Si bien el sector fiscal se mantiene superavitario, los excedentes son cada vez menores. El aumento del gasto, a un ritmo mayor que los ingresos, llevó a que en los últimos meses se registre una dinámica adversa en las cuentas públicas.
Los resultados del mes de mayo encendieron las primeras luces de alerta en los analistas del sector fiscal. El superávit primario ese mes fue de $ 3.306 millones, 24% menor a los $ 4.374 millones logrados en mayo de 2004.
Esta pérdida fue consecuencia de que los ingresos se mantuvieron estables, mientras que el gasto corriente tuvo un alza de 35,8%. Las transferencias corrientes y el pago de remuneraciones fueron los ítems que mostraron mayores subas.
Asimismo, en junio del año anterior el superávit primario fue de $ 1.798 millones, mientras que para junio pasado se espera un excedente de $ 1.200 millones, es decir que continuaría la tendencia declinante.
En términos reales, la comparación es más desalentadora. Durante su exposición en el Club de la Unión Nacional, el economista Miguel Ángel Broda explicó que el Fisco lleva siete meses consecutivos de reducción del superávit.
En el período de noviembre a mayo pasados, los ingresos reales subieron $ 2.100 millones, mientras que el gasto primario real creció $ 4.000 millones (ver infografía). Es decir que hubo un déficit real de $ 1.900 millones.
También se verificó un alza en la propensión a gastar del Gobierno, es decir, cuanto gasto nuevo realiza en función de los nuevos ingresos que percibe. Según este análisis, el Ejecutivo gasta 1,8 pesos por cada peso adquirido. Mientras que en 2003, por ejemplo, solo gastó 0,54 centavos por peso.

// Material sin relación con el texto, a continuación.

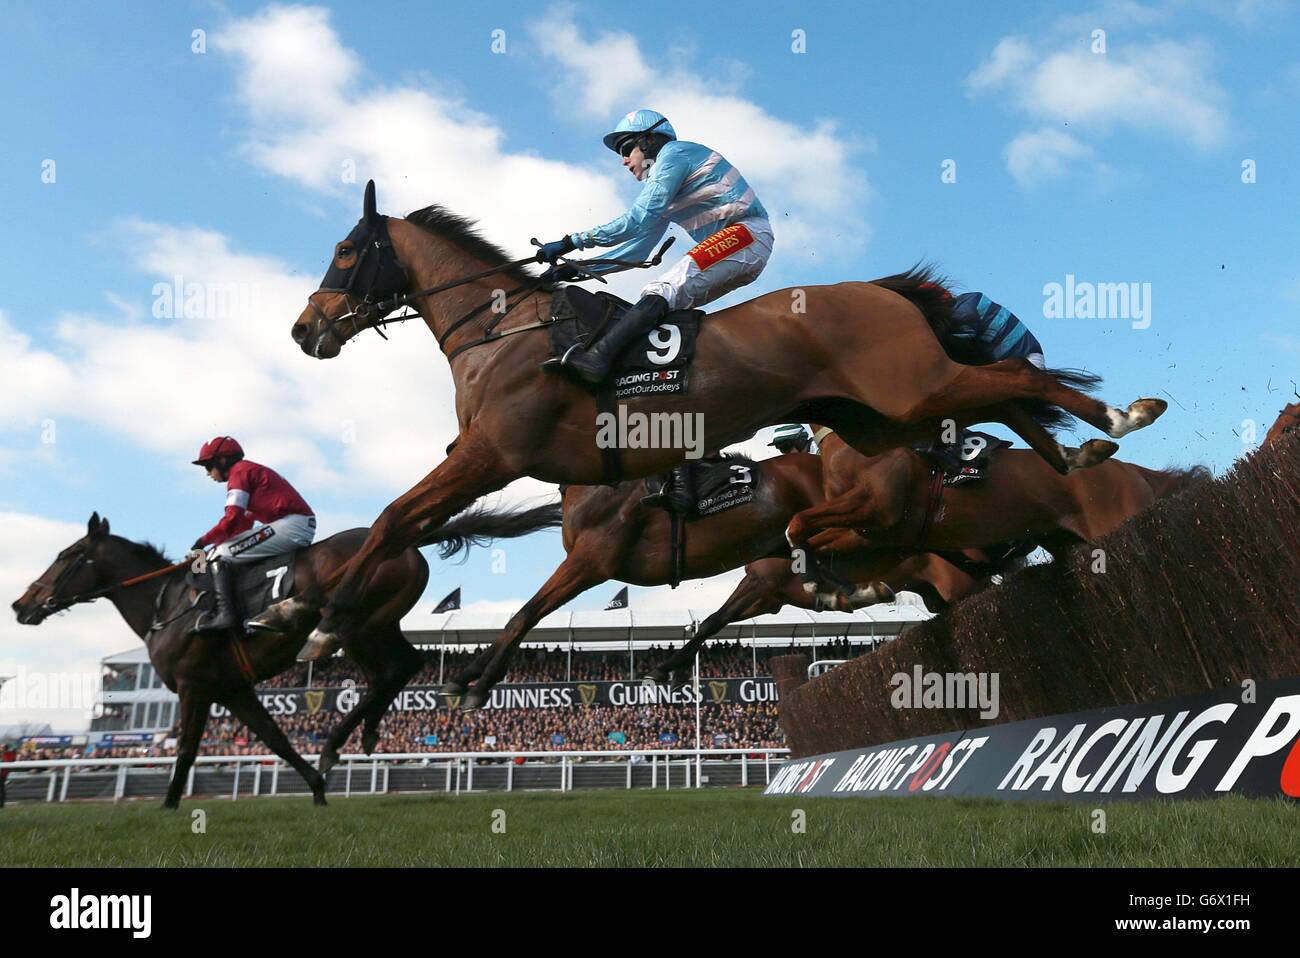 Horse Racing - 2014 Festival di Cheltenham - Campione giorno - Cheltenham Racecourse Foto Stock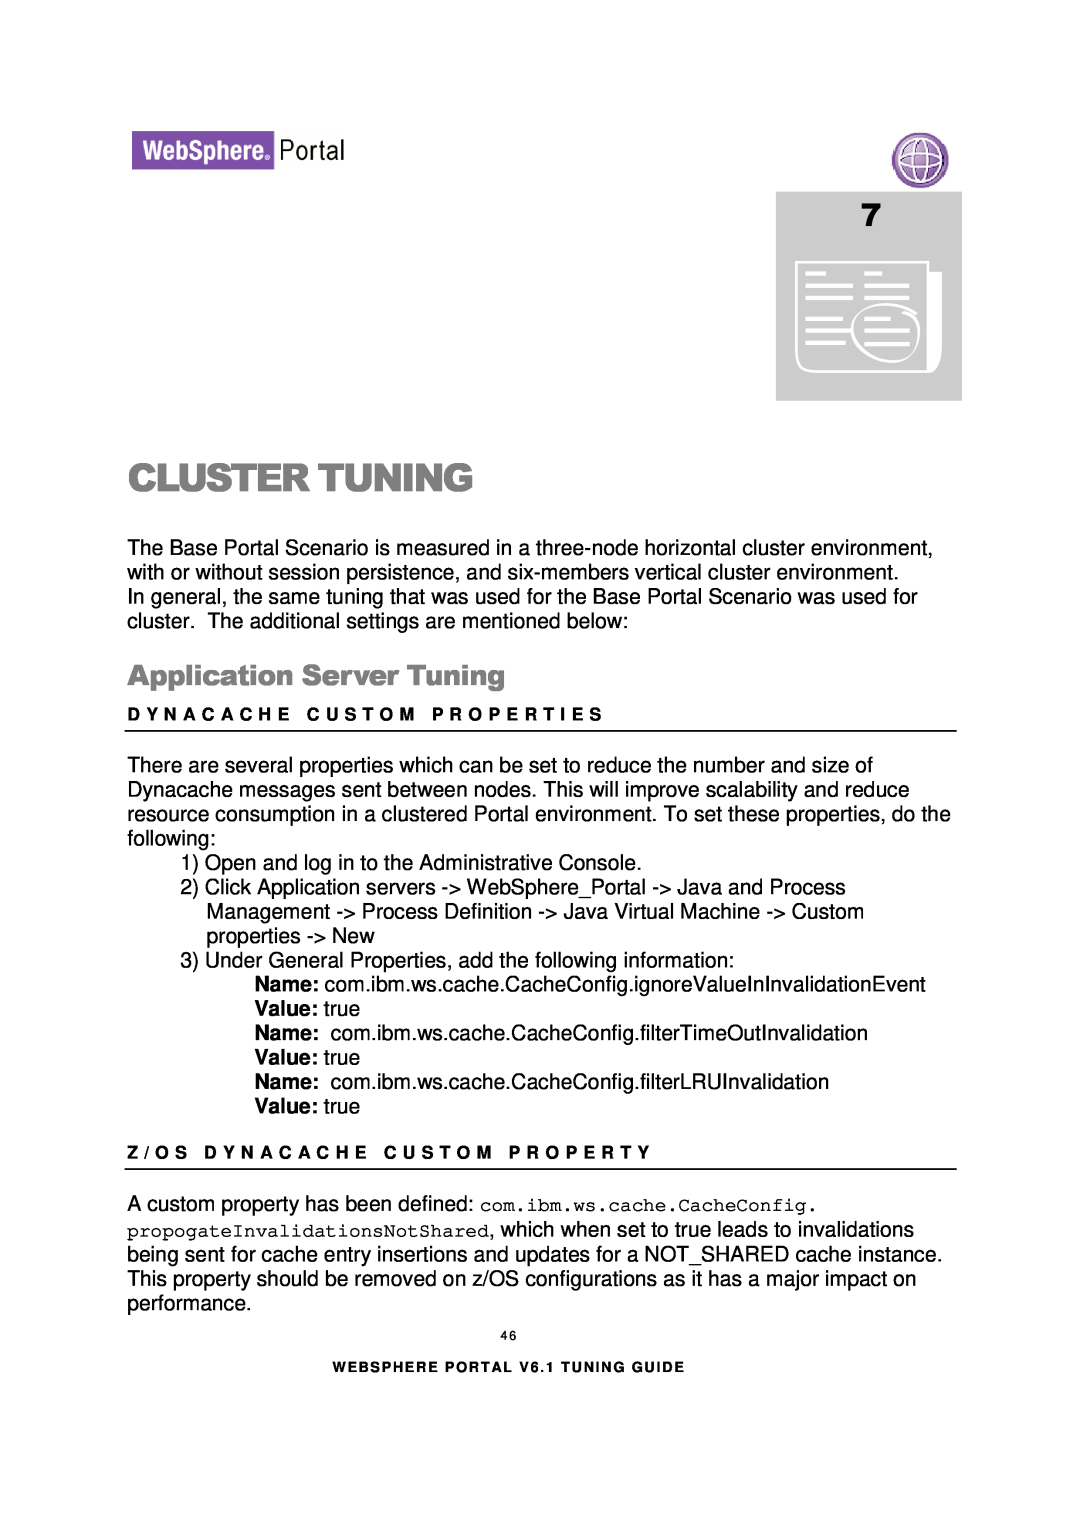 IBM 6.1.X manual Cluster Tuning, Value true, Application Server Tuning

La proximidad de las elecciones legislativas de octubre es un factor clave para explicar este aumento del gasto. También la necesidad de mantener, a través de incentivos fiscales, el nivel de actividad de la economía.
Por su parte, la recaudación de ingresos, si bien se mantiene por encima de lo presupuestado, inició una desaceleración de su evolución mensual. Los últimos dos meses mostraron las variaciones más bajas desde septiembre de 2002. El efecto del crecimiento económico, la inflación y el mayor cumplimiento tributario de los contribuyentes tiene un impacto cada vez menor sobre los ingresos.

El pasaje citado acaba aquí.